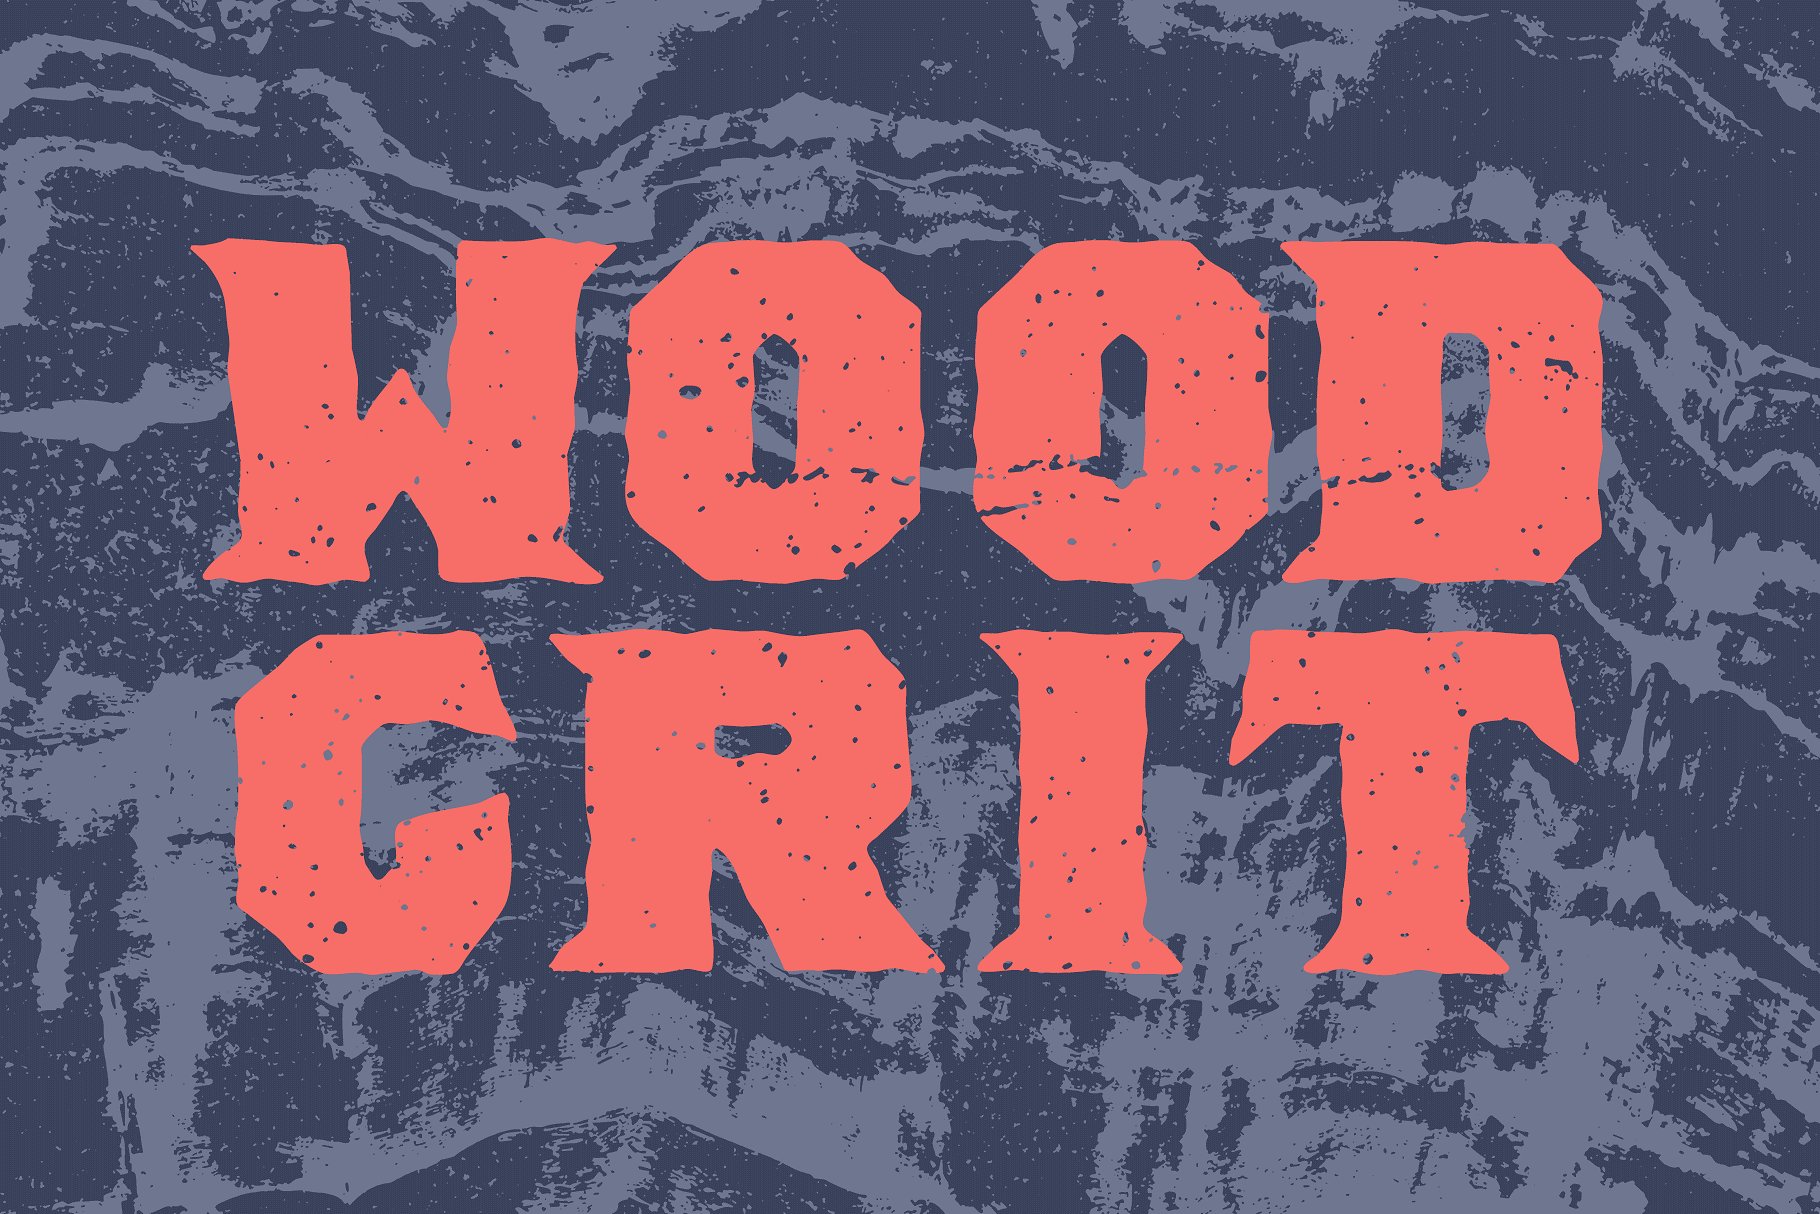 原始粗糙天然木材纹理合集 Gritty Wood Textures插图
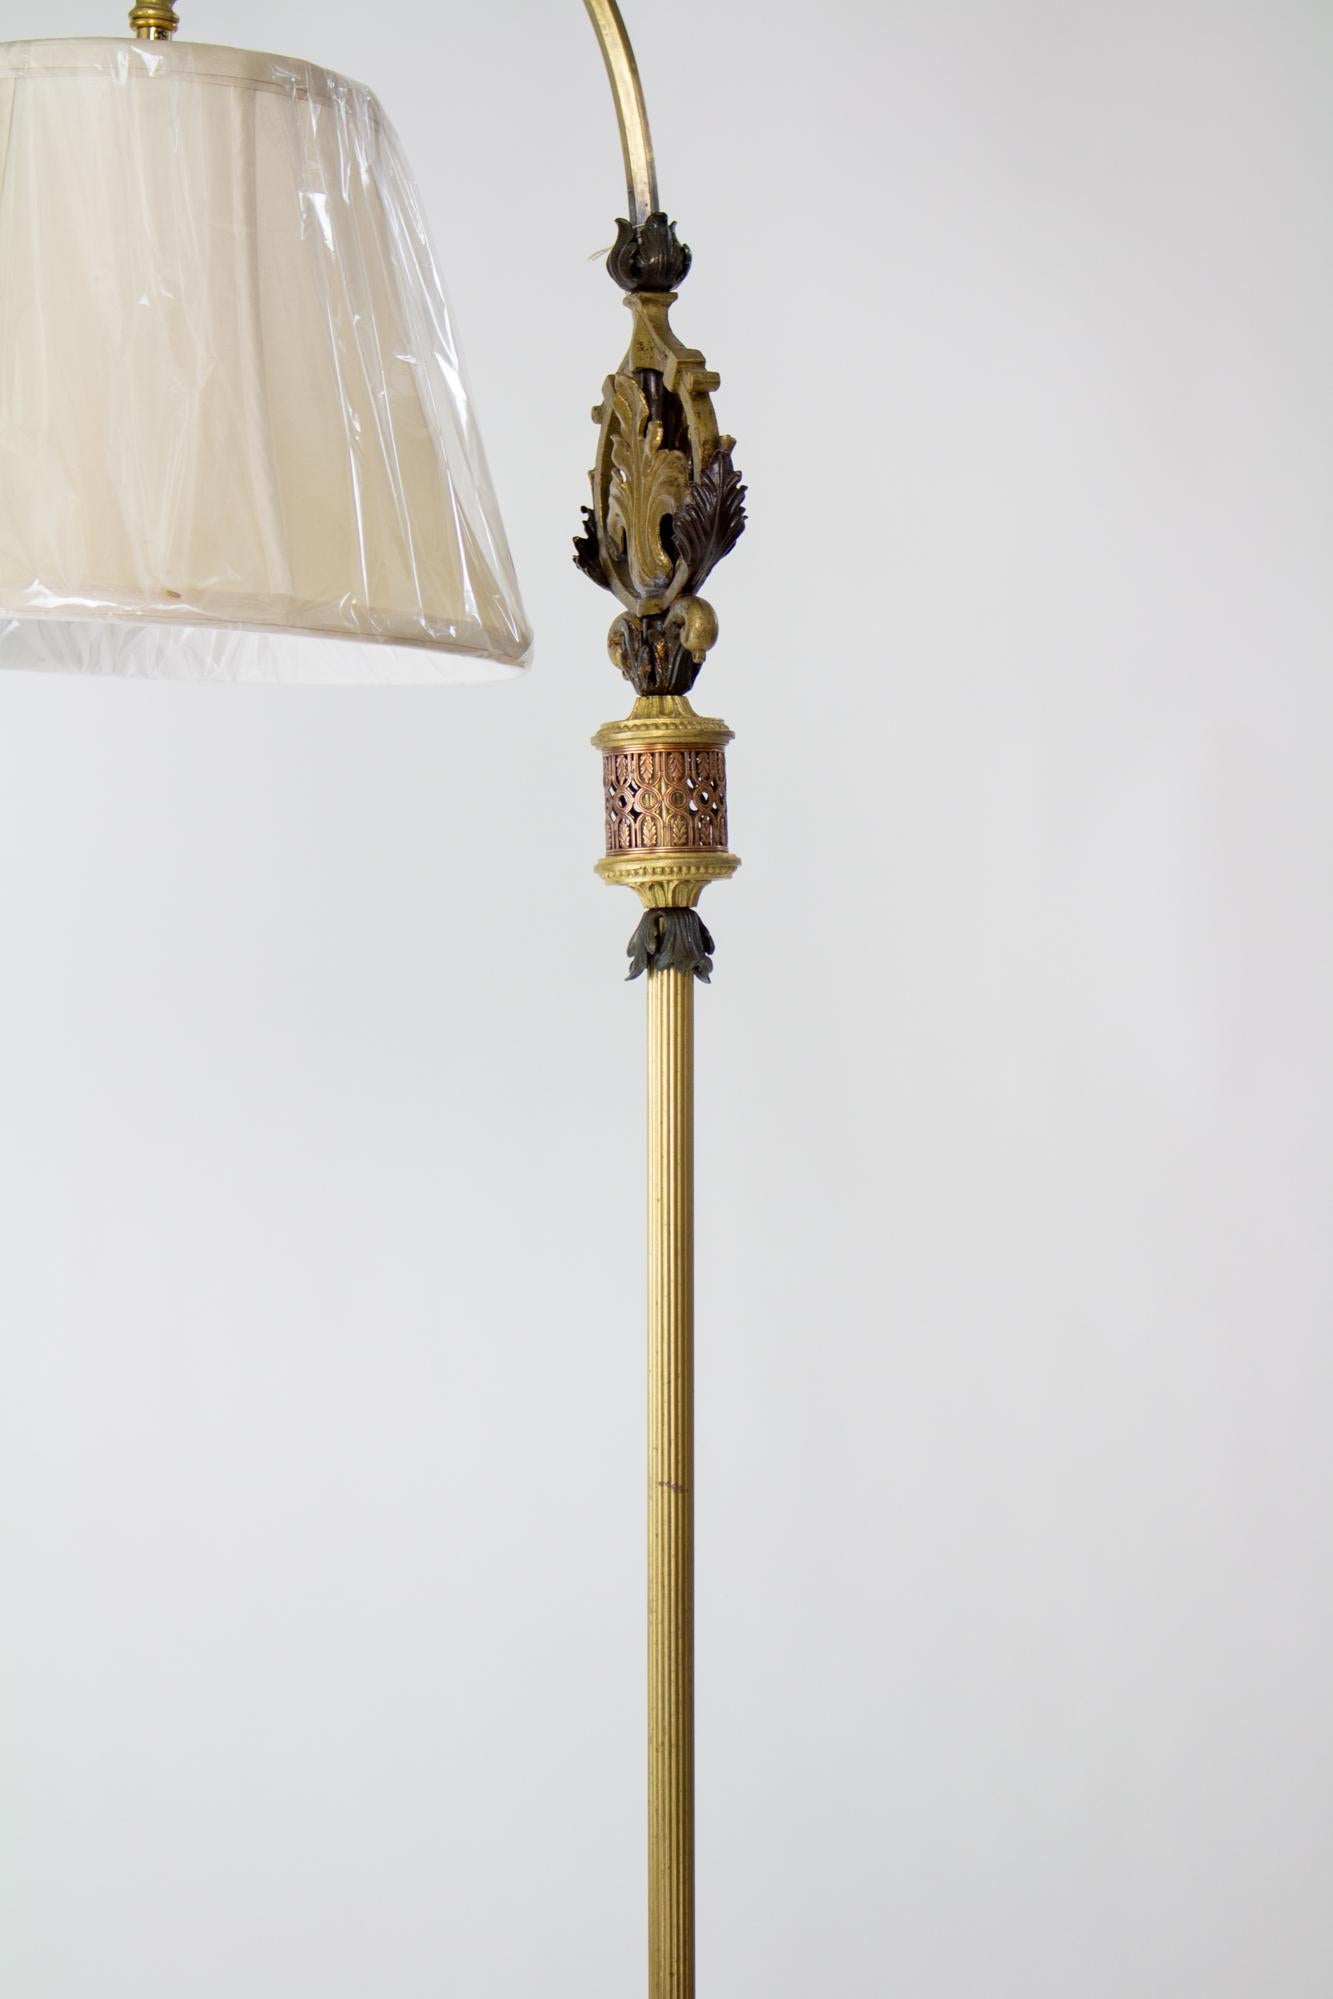 Rokoko-Revival-Lampe aus Gusseisen und Messing mit Schirm aus den 1920er Jahren. Verschnörkelte Mischung aus Gusseisen und Messing entlang des Sockels und des Stiels mit blattförmigen Mustern. Der gebogene Arm hält den Schirm. Amerikanisch. Der
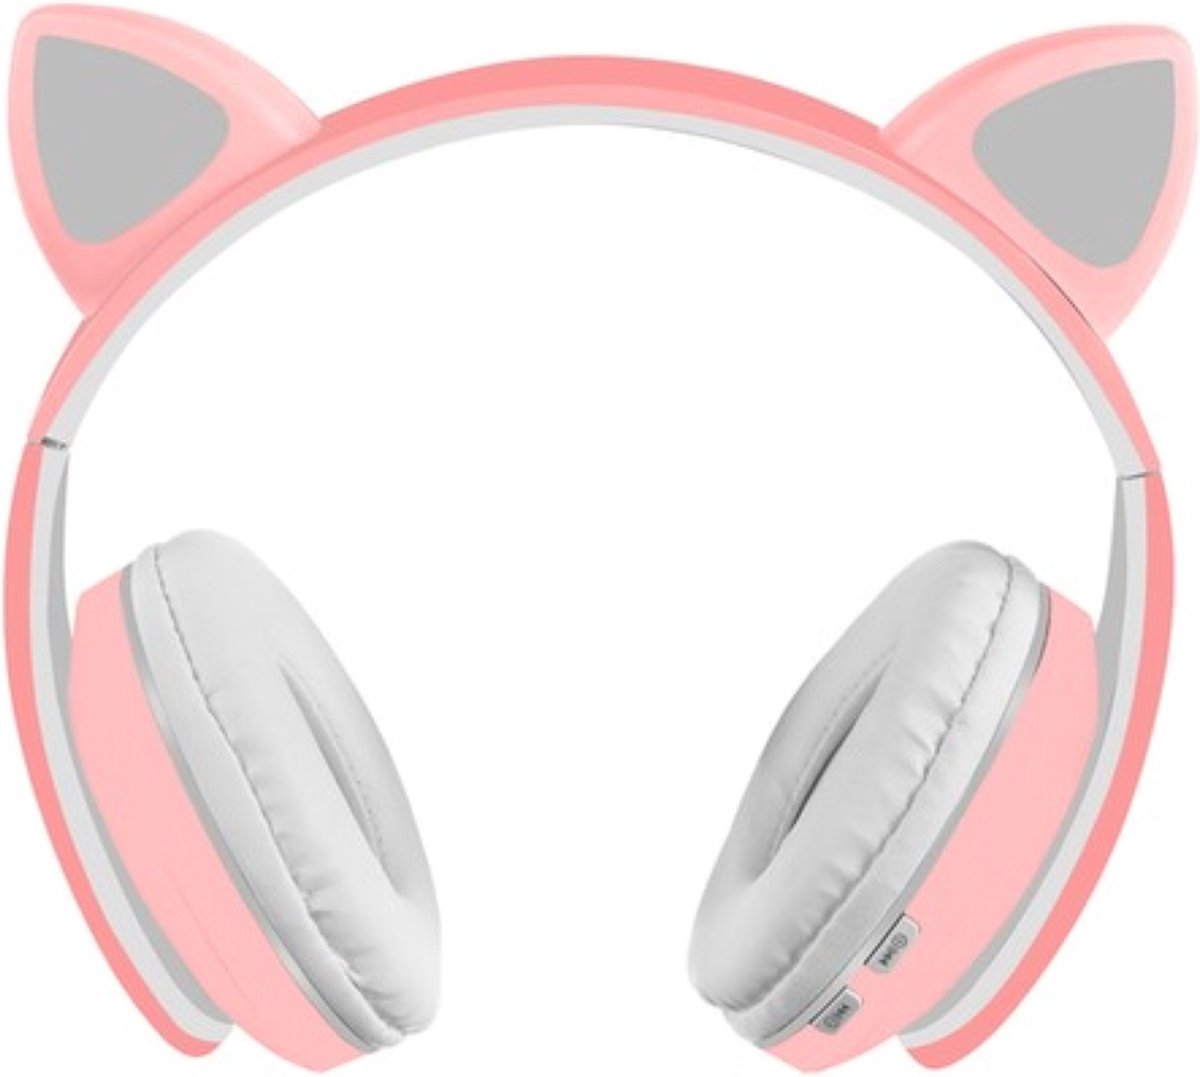 Oneiro's Luxe Wireless headphones with cat ears - pink
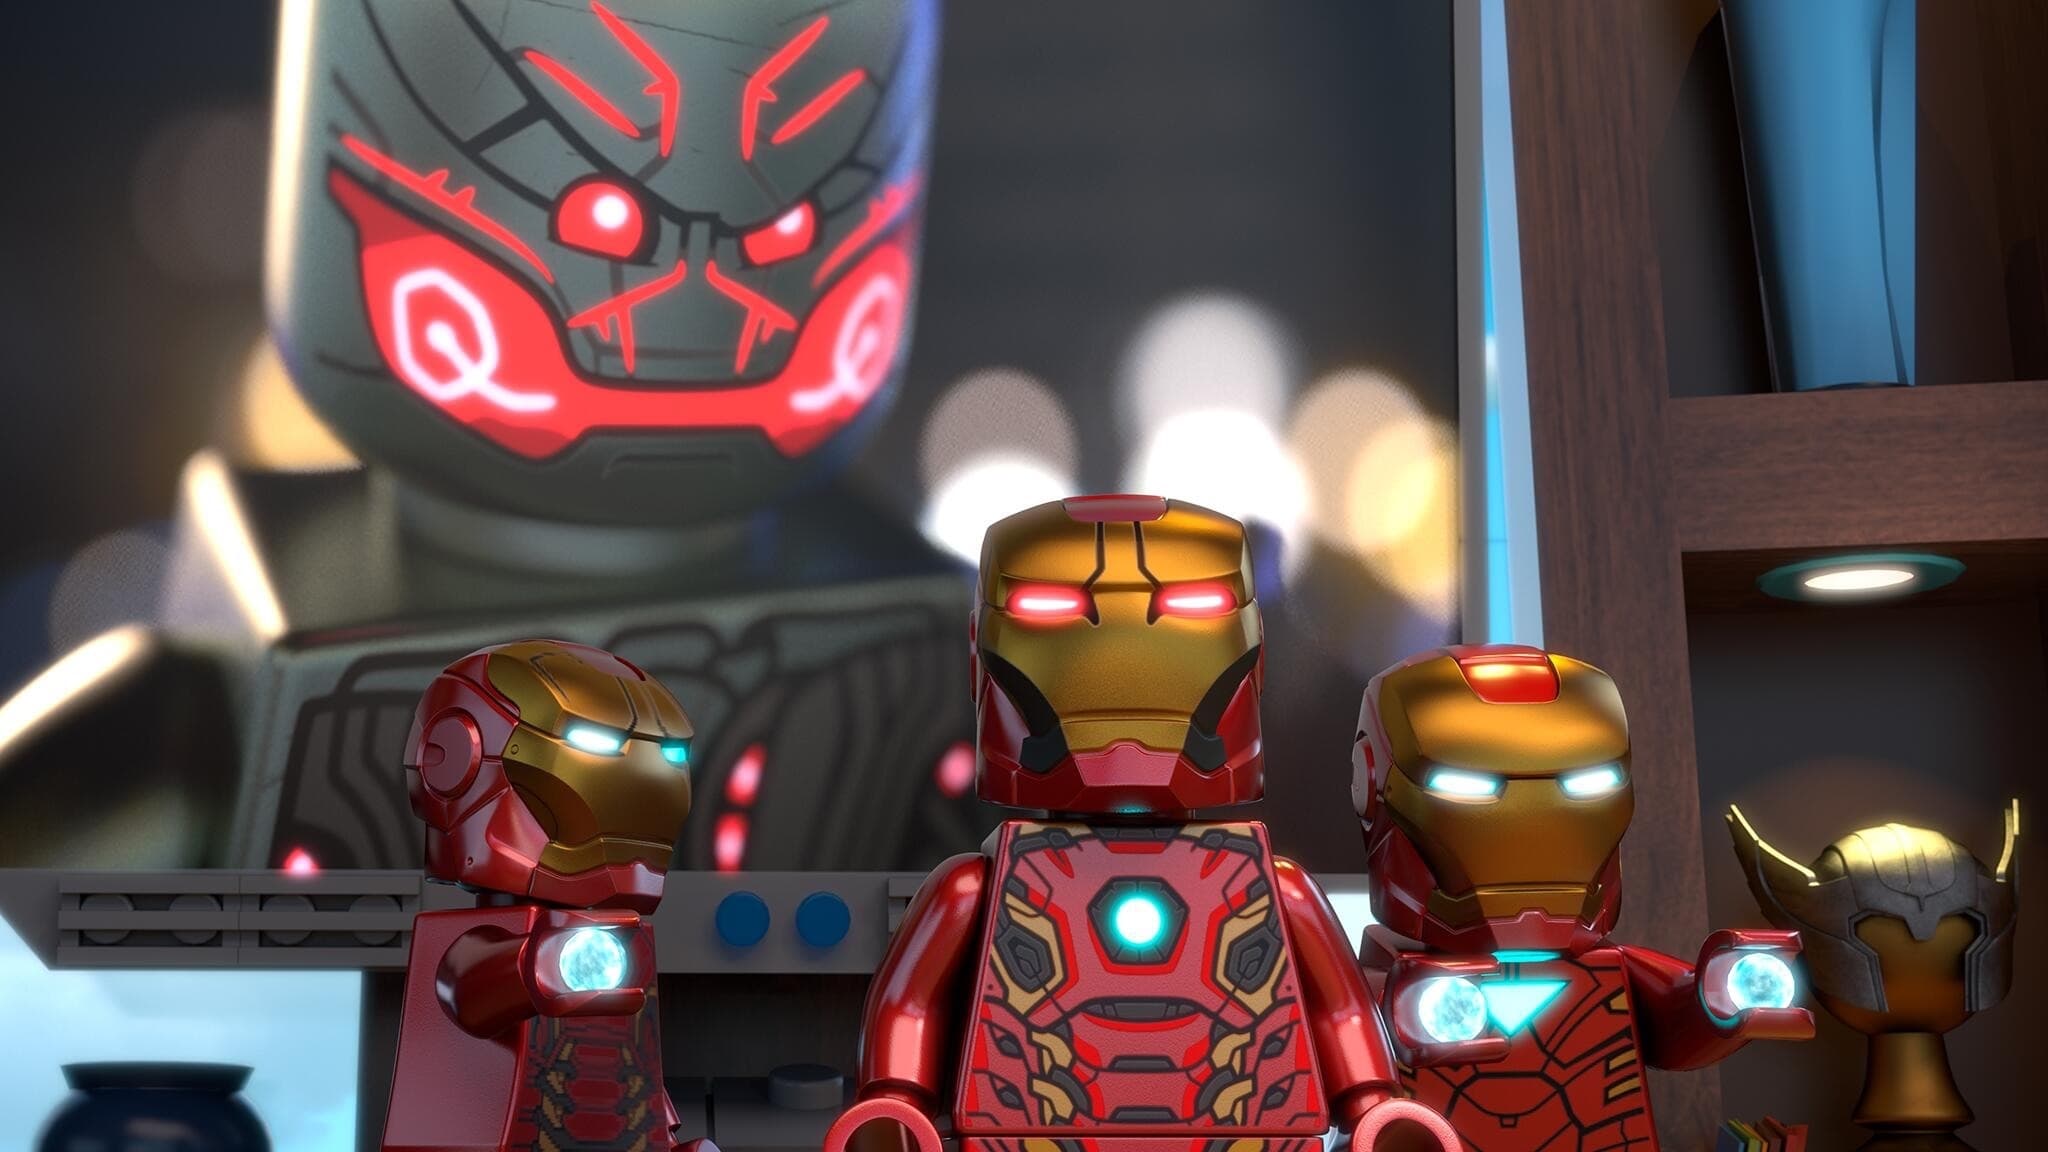 Tapeta filmu Marvel Superhrdinové – Avengers: Sjednocení! / Lego Marvel Super Heroes: Avengers Reassembled (2015)

* **Task item**
What you need to retype is every line from the one that has "Rokoko-Revival-Lampe aus Gusseisen" through the last line of the listing, both included, with the pictures left out.

* **Expected output**
 Rokoko-Revival-Lampe aus Gusseisen und Messing mit Schirm aus den 1920er Jahren. Verschnörkelte Mischung aus Gusseisen und Messing entlang des Sockels und des Stiels mit blattförmigen Mustern. Der gebogene Arm hält den Schirm. Amerikanisch. Der
 Oneiro's Luxe Wireless headphones with cat ears - pink
 Tapeta filmu Marvel Superhrdinové – Avengers: Sjednocení! / Lego Marvel Super Heroes: Avengers Reassembled (2015)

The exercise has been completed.